Tuesday, February 21, 2017

sobriety

I don't feel like getting stoned.  Now, this might not seem noteworthy, but generally, I always feel like getting stoned.  I wake up in the morning, feeling like I just want anything that will make my day less shitty, and cannabis kind of helps.  Usually.  It's not ideal, and often I don't give in that early, but that feeling rarely goes away.  It's just a matter of wanting some relief, really.  From what, I'm not entirely sure.  It's just this ubiquitous lousiness that so often weighs on me.

Like any good painkiller, there are side-effects, and it's not ideal for that reason, too.  I'm not going to pretend it doesn't impede my functionality.  I could do my dishes, go shopping, or get some exercise.. but I probably won't.  More likely, I just forget why it matters, for a while, but I don't think it really impairs an experienced user all that much.  It's grossly overstated for a few reasons, from inexperienced people assuming that's how it is for everyone, to alcohol and pharmaceutical companies spreading nonsense, because they don't want the competition.

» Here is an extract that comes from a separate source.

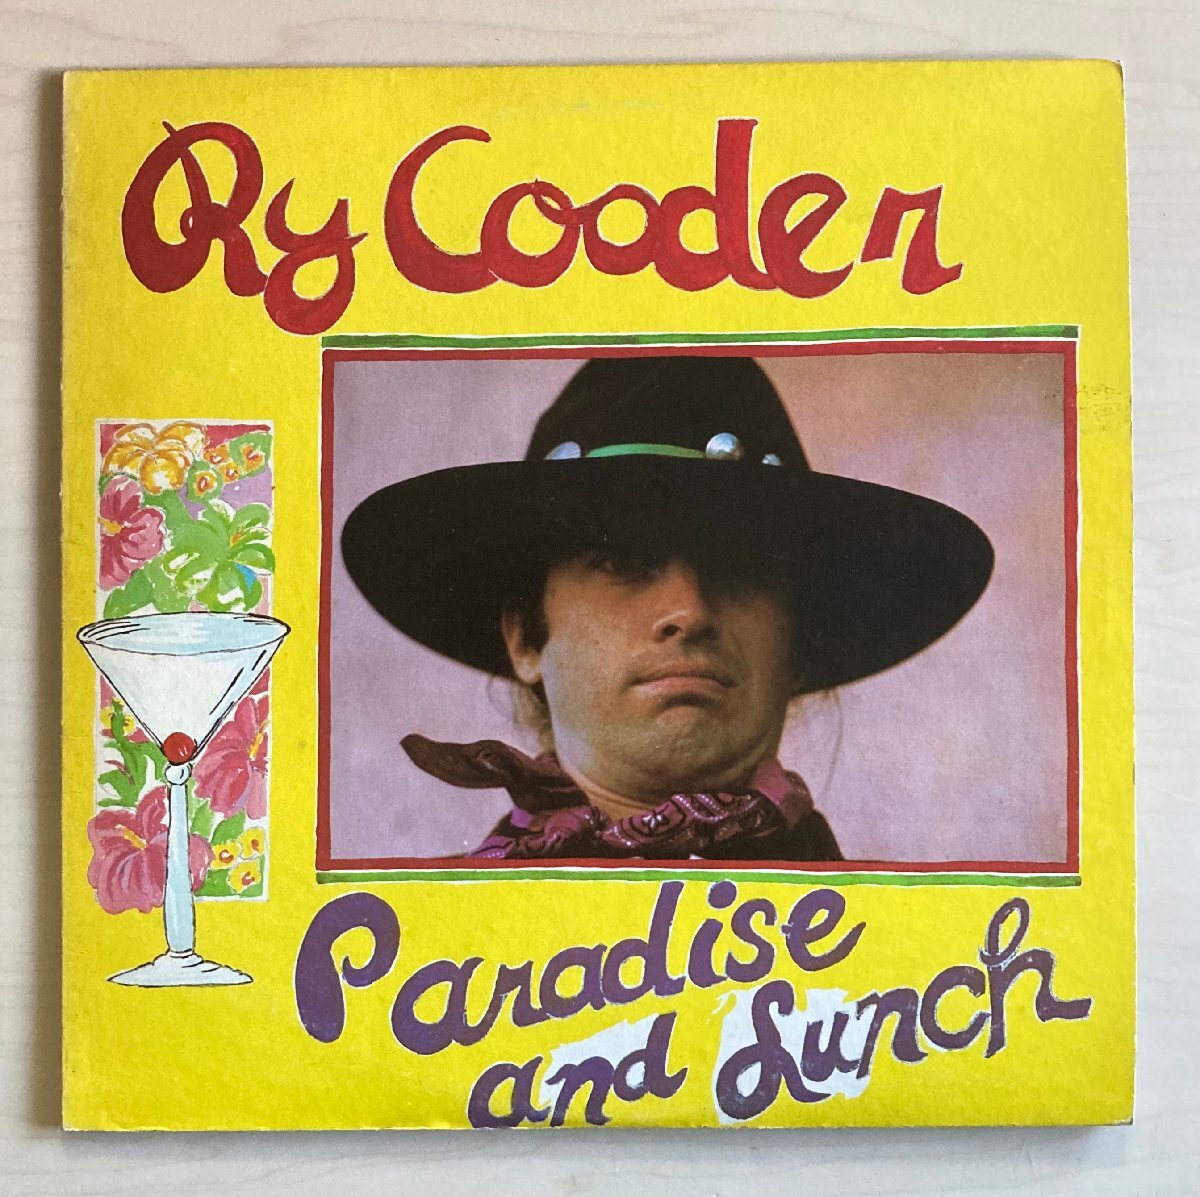 LPA23087 ライ・クーダー RY COODER / PARADISE AND LUNCH 輸入盤LP 盤良好 USA_画像1

Still, being stoned all the time is a terrible idea, which gets progressively worse as active cannabinoids build up in the system.  Which makes it especially nice that I don't really want to be, anyhow.  Not that I'm giving it up.  Just saving it for more appropriate times, when being a little impaired is entirely rational, and not an act of desperation.

Of course, I have to wonder why.  It's been about two weeks or so.  I've just been feeling better, overall.  Is the Omnitrope finally doing whatever it's supposed to do?  Is it a change in diet?  Is it a fluke that will disappear at any moment, as inexplicably as it appeared?  Every little thing I'm doing differently, the last month or so, I'm afraid to stop doing.

I'm not feeling great, just better, and kind of hoping it keeps moving in this direction.  It would be nice if I knew, if there's anything I could do that might help ensure that's the case.  I still feel like I've got quite a ways to go.